那正是她丢失的钥匙。
林诗道了声谢,不经意地瞟向饭桌那一角,面上没有异常,道谢后便离开了。
林诗走出了好远,才回想起刚才的细节:她之前吐掉的那块肥肉不见了,郭天飞坐在了她的位置,嘴巴里却塞满了东西。难道……他吃了她吐掉的那块肉?
想到这里,林诗没来由地觉得恶心,强压下那个念头,想快点回到房间休息一下。
林诗的房间在这条走廊的最里边。途经101房间时,门是虚掩的,里面爆发出了剧烈的争吵声。林诗从门缝往里看,看见了那抹熟悉的身影。
姜嘉一把拉过白妍妍,还不忘放狠话:“白妍妍!你为什么不听我的?我和你住在一个房间,又是这么多年的好朋友,难道你连这个都不相信我吗?”
白妍妍被她拉得踉跄几步,逼至角落,眼里含着泪花,看了一眼姜嘉,又看了一眼对面的女生,不知道该怎么办。

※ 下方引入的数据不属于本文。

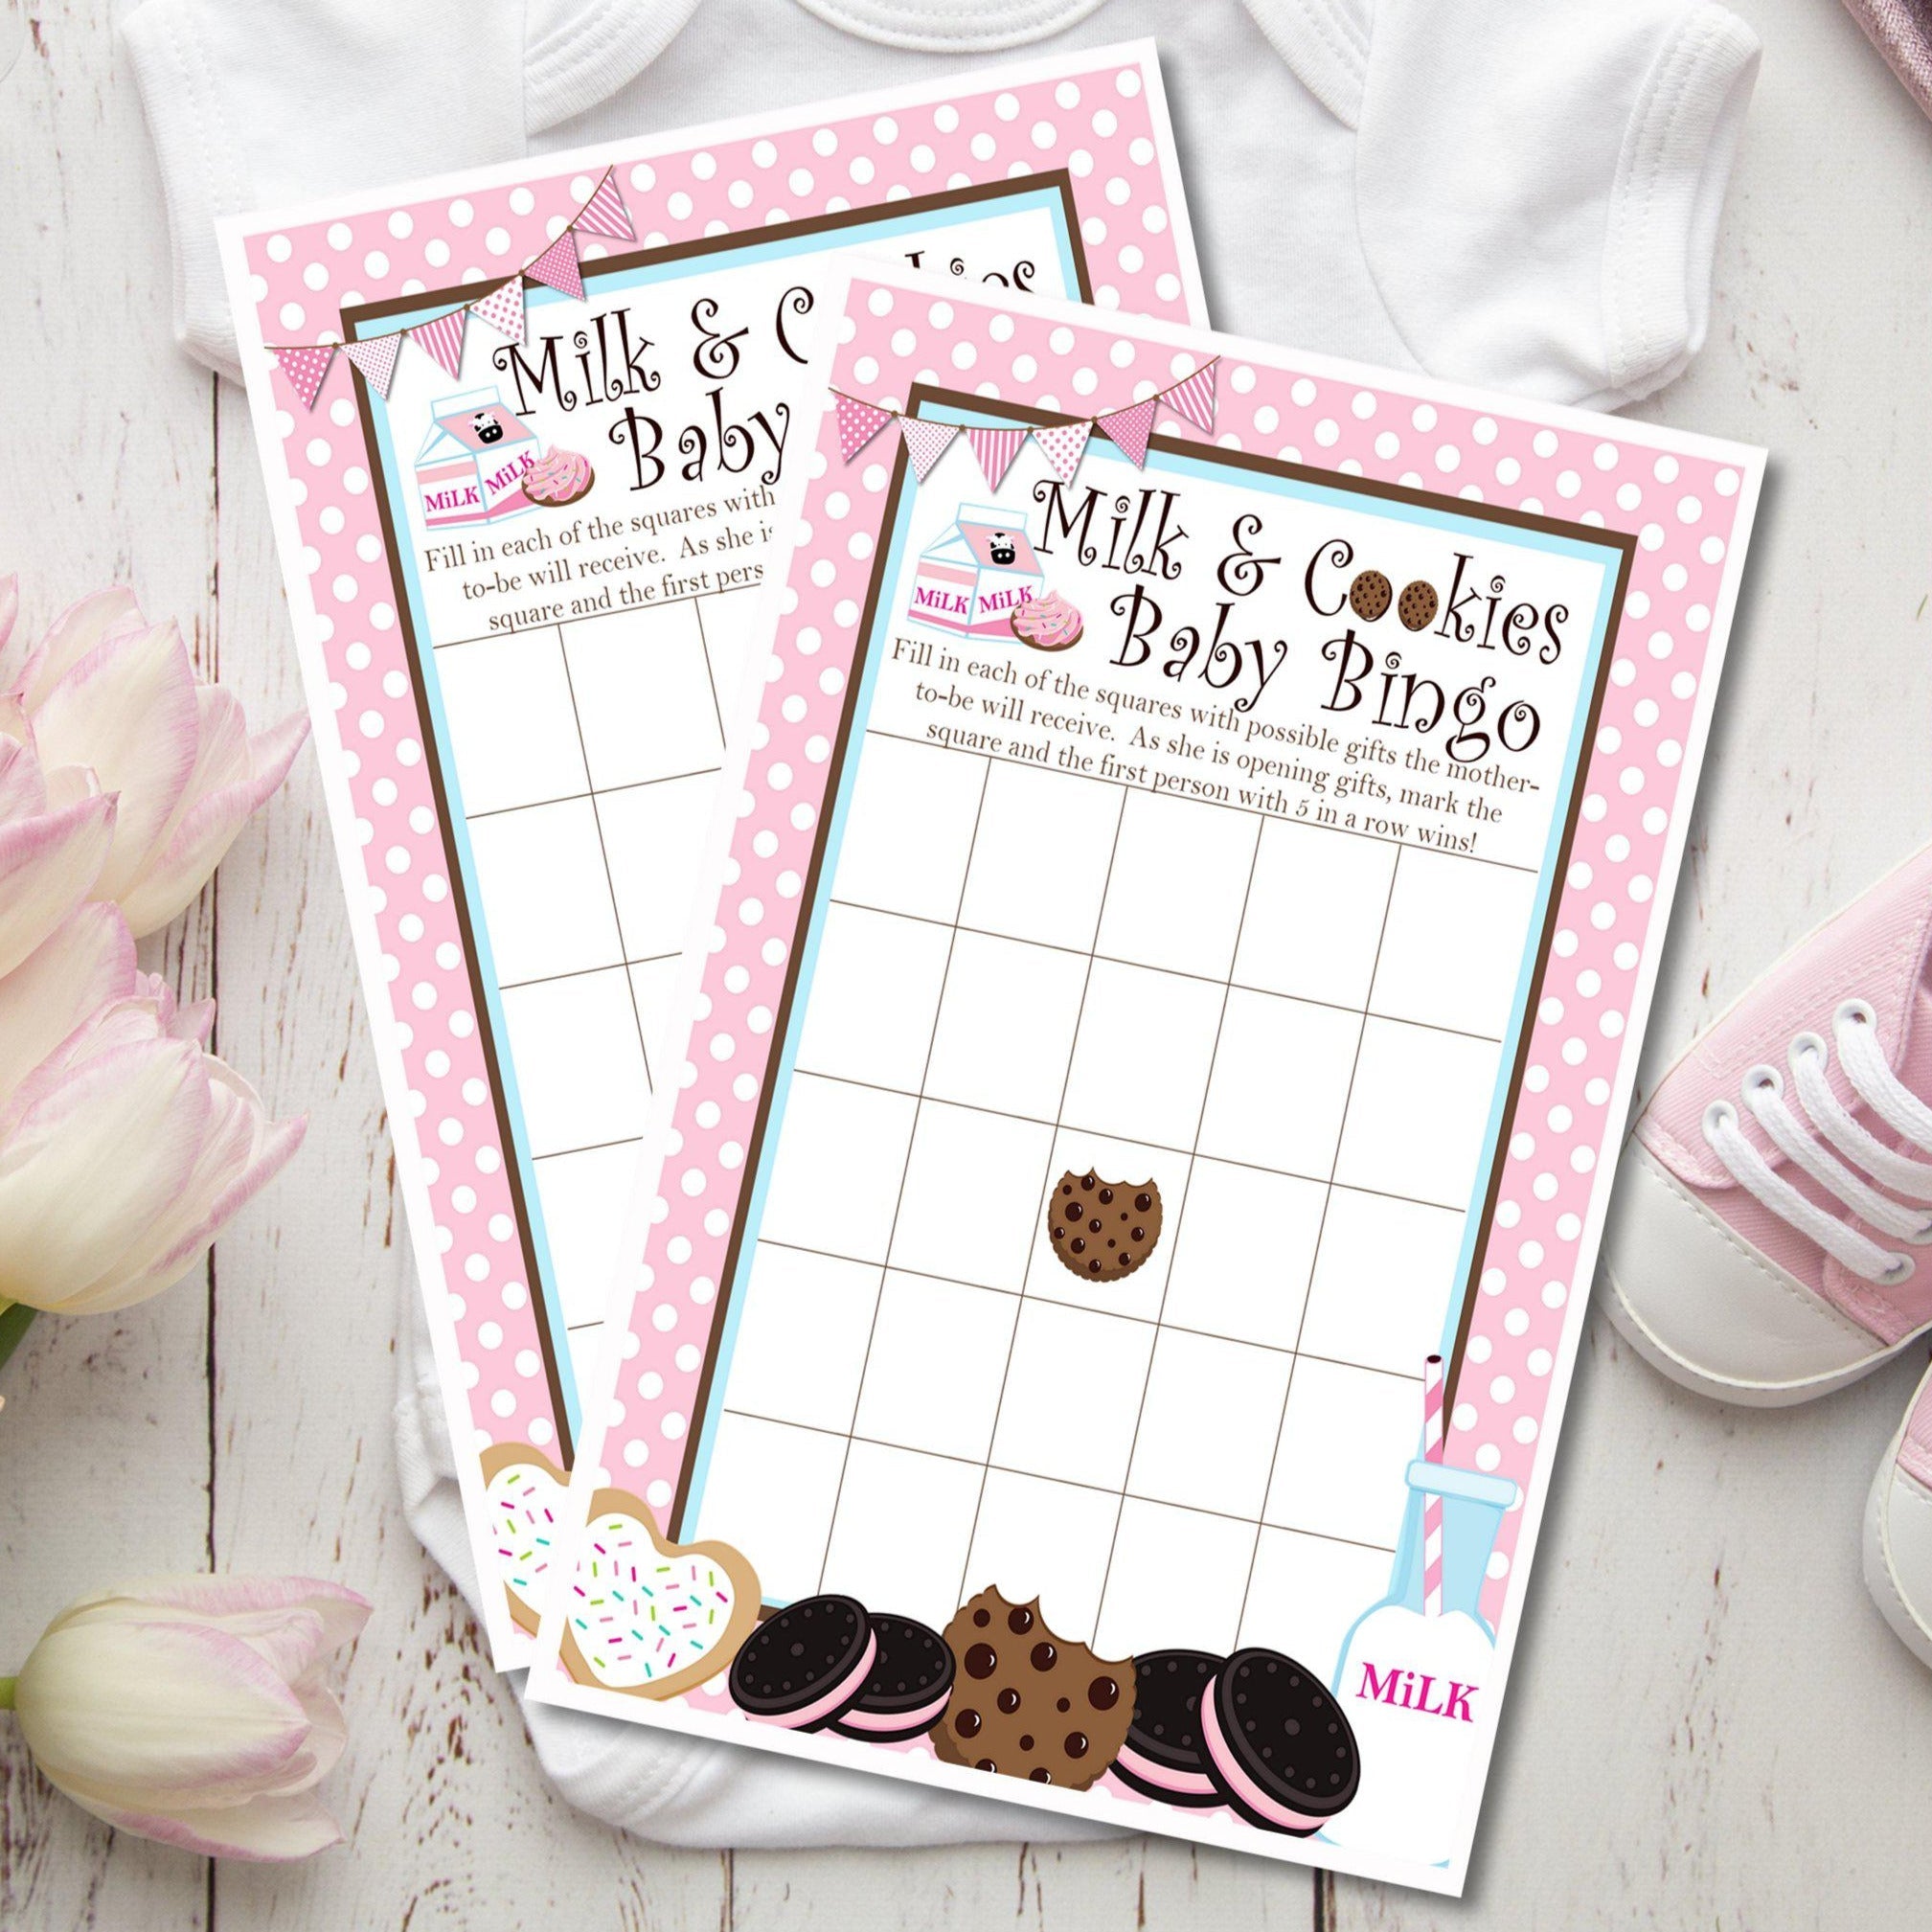 Milk & Cookies Baby Shower Bingo Cards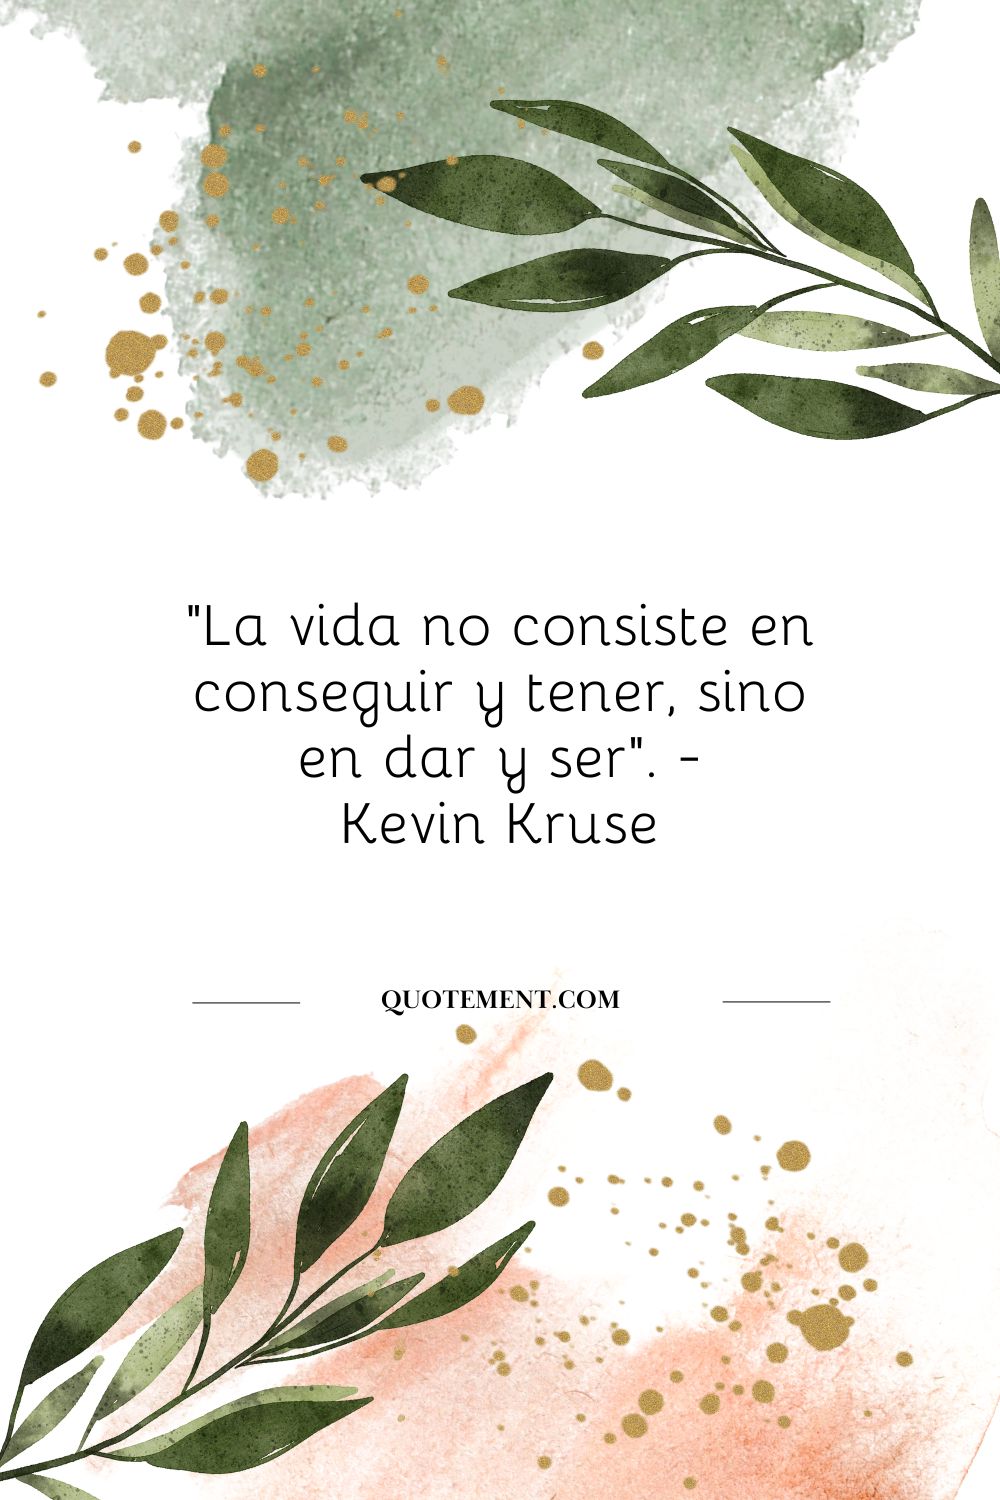 "La vida no consiste en conseguir y tener, sino en dar y ser". - Kevin Kruse

姜嘉见她没说话就当她是默认了,环着胸,一脸嚣张地看着对面那个有着一双明亮大眼睛、穿着粉色连衣裙、打扮得非常时髦的女人说:
“殷悠,你说的少数服从多数,把这个拆了吧。”
那个叫殷悠的女人哪里受过这种气,狠狠地瞪了她一眼:
“这窗户是你说要拆的,那你就自己动手啊,我可不拆。”
“这是你说的。”姜嘉从她手中夺过一把锋利的斧头,轻而易举的将窗户上的木板从中间砍断,还不忘回头挑衅地看着她。
“你……”殷悠气急,“和你们住在一起真是倒了八辈子的霉了。”
姜嘉把木板拆下来,将窗户打开,夕阳残存的阳光照射进来,将地板上姜嘉的影子拉得很长。
林诗震惊于姜嘉的胆大,又看向边上脸色煞白的白妍妍。她看上去很怕姜嘉,肩膀微抖,近距离看着姜嘉将窗户下的木板砍下来,哪怕途中有碎屑,她也没有走开,不知道是吓傻了还是怎么。
林诗深深地看了一眼正在兴风作浪的姜嘉,然后迈步离开了。
房间隔得都不是很远,有好几个房间的人估计都躲在门里听着姜嘉房里的事。见她真的把木板拆下来了,有好几个房间的女生也开始蠢蠢欲动。
毕竟,长年阴湿不透光的房间里面有一股难闻的霉味,闻久了还真有点受不了。
林诗回到了房间里,绮丽和米丽各躺在各自的床上。绮丽在看书,米丽则拿出没有信号的手机在上面戳戳点点,好像是在玩游戏。
见到林诗回来,绮丽坐了起来,提议道:“我们要不要也把这个木板给拆了?这房间的霉味实在是太难闻了。”
米丽默不作声,明显在林诗回来之前,她们就已经讨论好这件事了,现在和她说也不知道是商量还是通知。
“到时候再说吧,马上就到晚上了。”
林诗罕见情商上线,没有拒绝也没有明确表明态度,但她的言外之意,大家也都心知肚明,无非是等一晚上再看看是否会有危险,然后再决定要不要拆。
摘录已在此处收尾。